Thursday, September 30

Preggy Brains 6, Golf shirts 0

If Dr. Simmons turns out to be completely wrong and we end up having a boy, we can just save Chip’s shirts for Percival III. Rather than fitting my six-foot-two husband, they now fit someone closer to two-foot-six.

Tuesday, September 28

My husband tried opening the door tonight but became so frustrated with the keys that he banged on the door and yelled for me to open it instead. It was my first clue that something hadn’t gone well at his job and I wasn’t sure I wanted to hear what had so quickly eclipsed the euphoria of finding out we were having a daughter. But being a pretty good wife, I asked anyway.

He shot me a hurt, angry look. “Everybody came up to me today wanting to know what we were having, and I was shocked to see how the guys responded.”

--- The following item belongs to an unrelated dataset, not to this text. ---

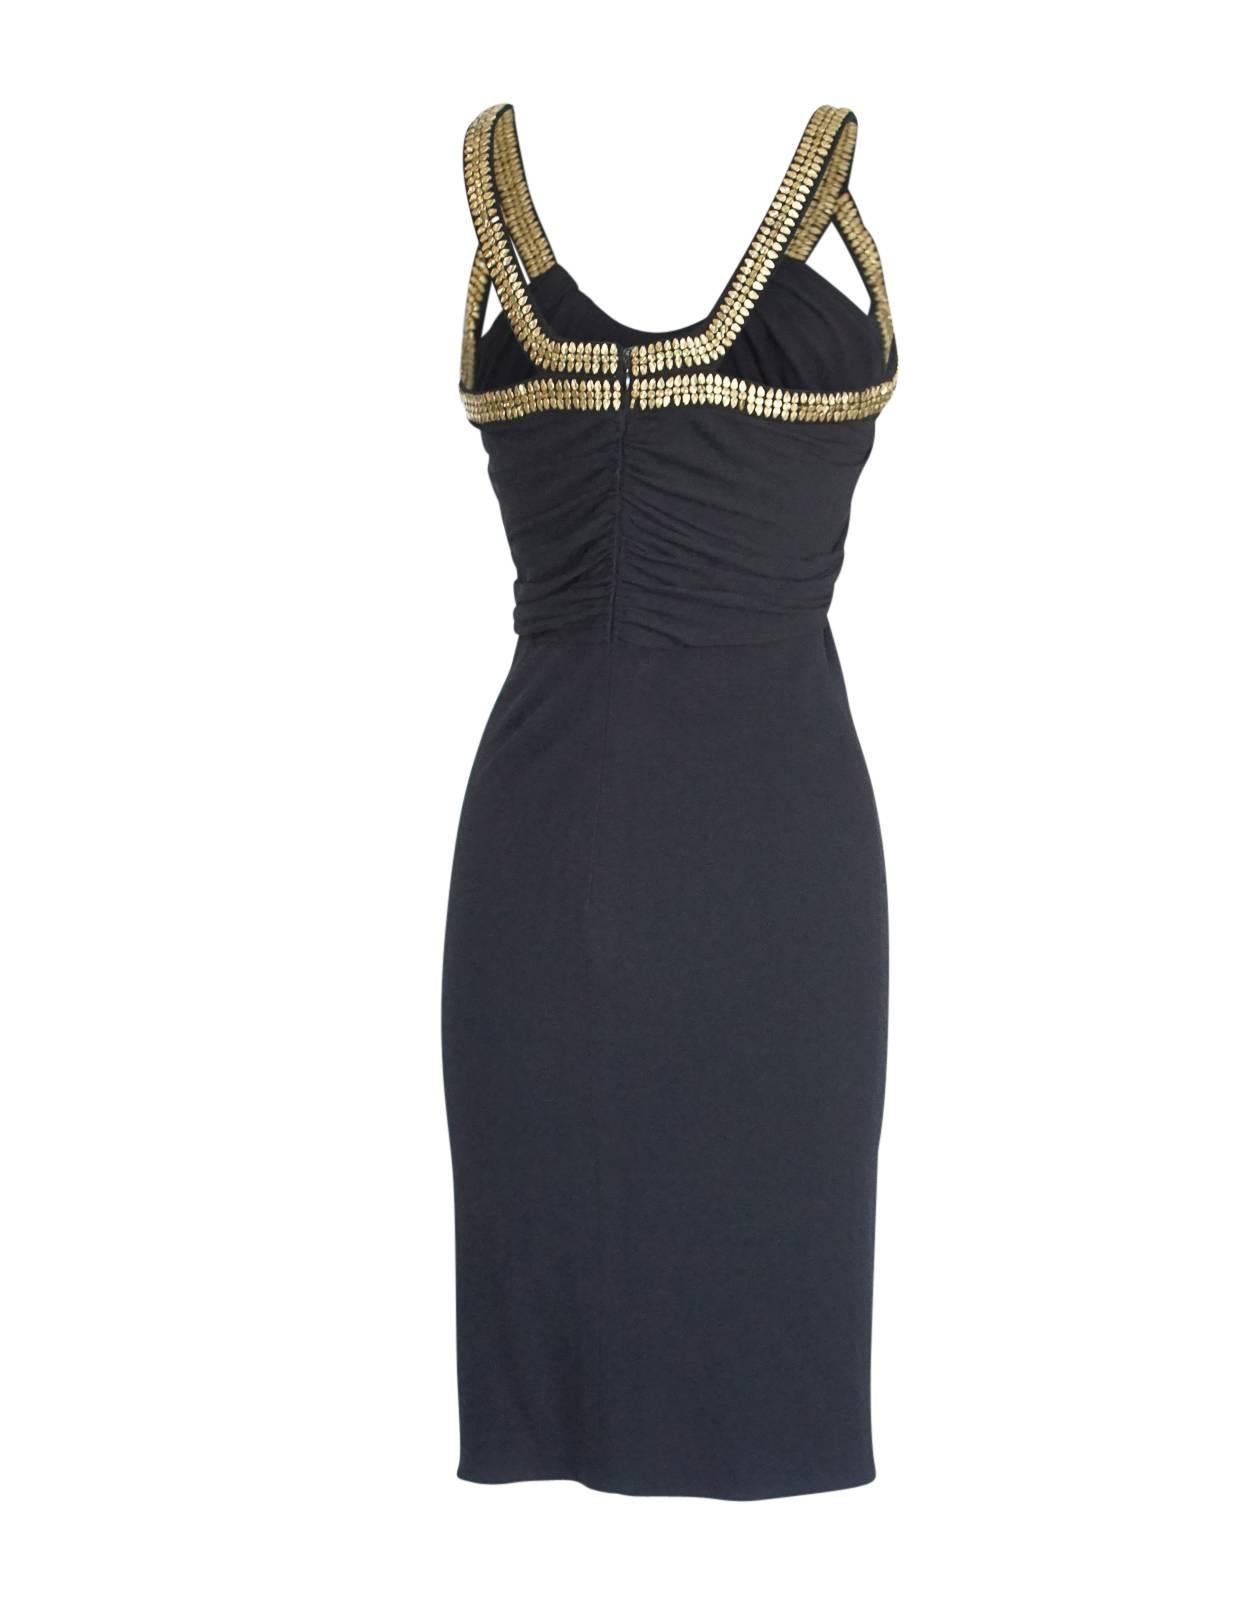 Versace Dress Gold Hardware Black pleated and Rouched 40 / 4 at 1stDibs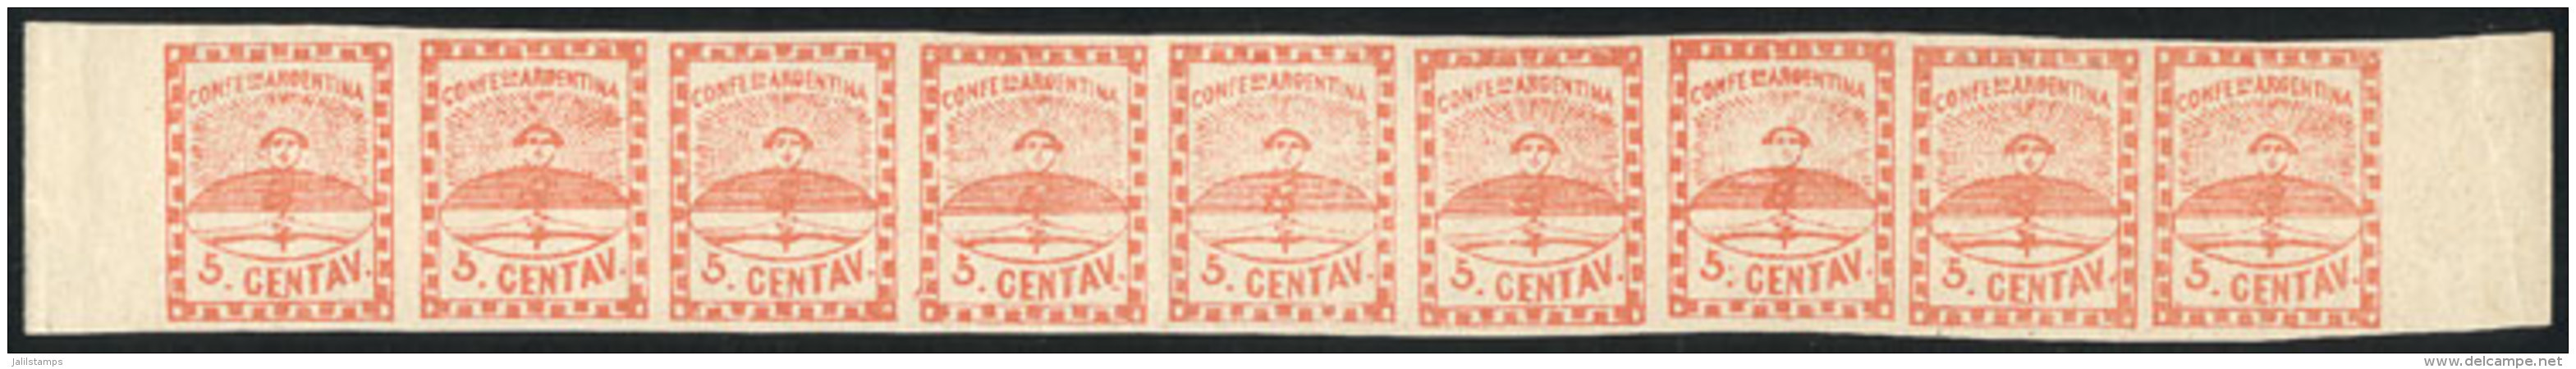 GJ.1, 5 C. Small Figures, Marginal Strip Of 9, Mint Original Gum: 8 Examples MNH And 1 Hinged, VF! - Ungebraucht

I couldn’t imagine what he was talking about. “What do you mean?”

He sighed. “It was there for only an instant, but in almost all of their eyes, I saw a flicker of pity or disappointment. They recovered quickly enough to shake my hand and tell me how great it was, but it was there.”

“Everybody did this?” I couldn’t believe it.

“No. Only the guys. And not all of them, but several.” He shook his head. “Like boys are better, somehow. You’re a girl, Ellie, and I like you better than anybody!”

Even when he’s furious at someone else, he can still manage to make me feel great. It’s just another reason he’ll make a wonderful dad.


Monday, September 27

Week 19

Chip and I are sitting in the waiting room of Dr. Simmons’ office, about to find out whether to paint the nursery seashell pink or cornflower blue. That is, of course, if the baby hasn’t inherited its father’s extreme sense of modesty. Chip wouldn’t even change in front of our next-door neighbors’ female Pomeranian when we dog-sat one weekend.

It’s so cliche to say it, but I would really be happy with either a boy or a girl. (Chip is reading over my shoulder and says he would too. And that he doesn’t appreciate the dog comment.) I speak for both of us when I say we’re just happy to be having a baby, period.


Oops, got to go. They just called our name. I'm so excited!


***

IT’S A GIRL! I can’t believe we’re going to have a girl. And I can’t believe how much she’s grown! I don’t know what she could possibly be noshing in there, but she was chewing. And she rolled. And she moved her arm up near her face. (Can you tell I’m smitten?) Her spine is perfectly formed. And so are her little toes! Chip went absolutely nuts when he saw those itty-bitty feet.

We’ve got new ultrasound pictures to tack onto the refrigerator, including one where the baby has a rascally expression that Chip insists looks just like him.

So it looks like the future holds dolls, stuffed animals, telephones, sleepovers, and dance lessons for the McAllisters. And lots of adorable little outfits that are definitely girly but not too fru-fru.

And most important, a mother who had better be ever-vigilant that her husband doesn’t get wound too tightly around this little one’s pinky.

Sunday, September 19

Month Four: September

Somewhere in no-man’s land along I-16 between Savannah and Macon

Chip and I had to curtail our baby’s first in-utero trip to the Georgia coast. Relaxing on the windswept beach at Jekyll Island and running out for food ten times a day to appease the baby's appetite was pleasant enough until this morning, when the air conditioner broke in our car. Trust me, you don't want to be driving around in the coastal Georgia heat when you're pregnant. Currently all our windows are down as we head home but I'm getting little relief even at seventy mph. Carrying on a conversation with Chip above the roar is impossible.

We spent over a hundred dollars and three hours at the service station trying to determine the problem, apparently a blown fuse. We drove about five miles and reveled in the cool air blowing on us when we heard a “click” and the air started blowing hot again. Chip stopped at Walmart and bought a packet of fuses from the automotive department and we started back toward Atlanta, popping in new fuses as the old ones blew. Eventually that no longer worked, though.

You know how adversity often creates opportunity? The whole lemons and lemonade thing? Well, all that sweating (sorry, Miss Manners, but there's no way perspire is going to be an adequate word usage) has given me a terrific idea. If Georgia ever returns to the harrowing drought conditions of just a couple of years ago, at least now I’ve discovered the solution. Just put some pregnant women in a car without air conditioning. I'm thinking three would do it. And voila, there would be enough fluid streaming down the middle of their backs to overcome ANY drought.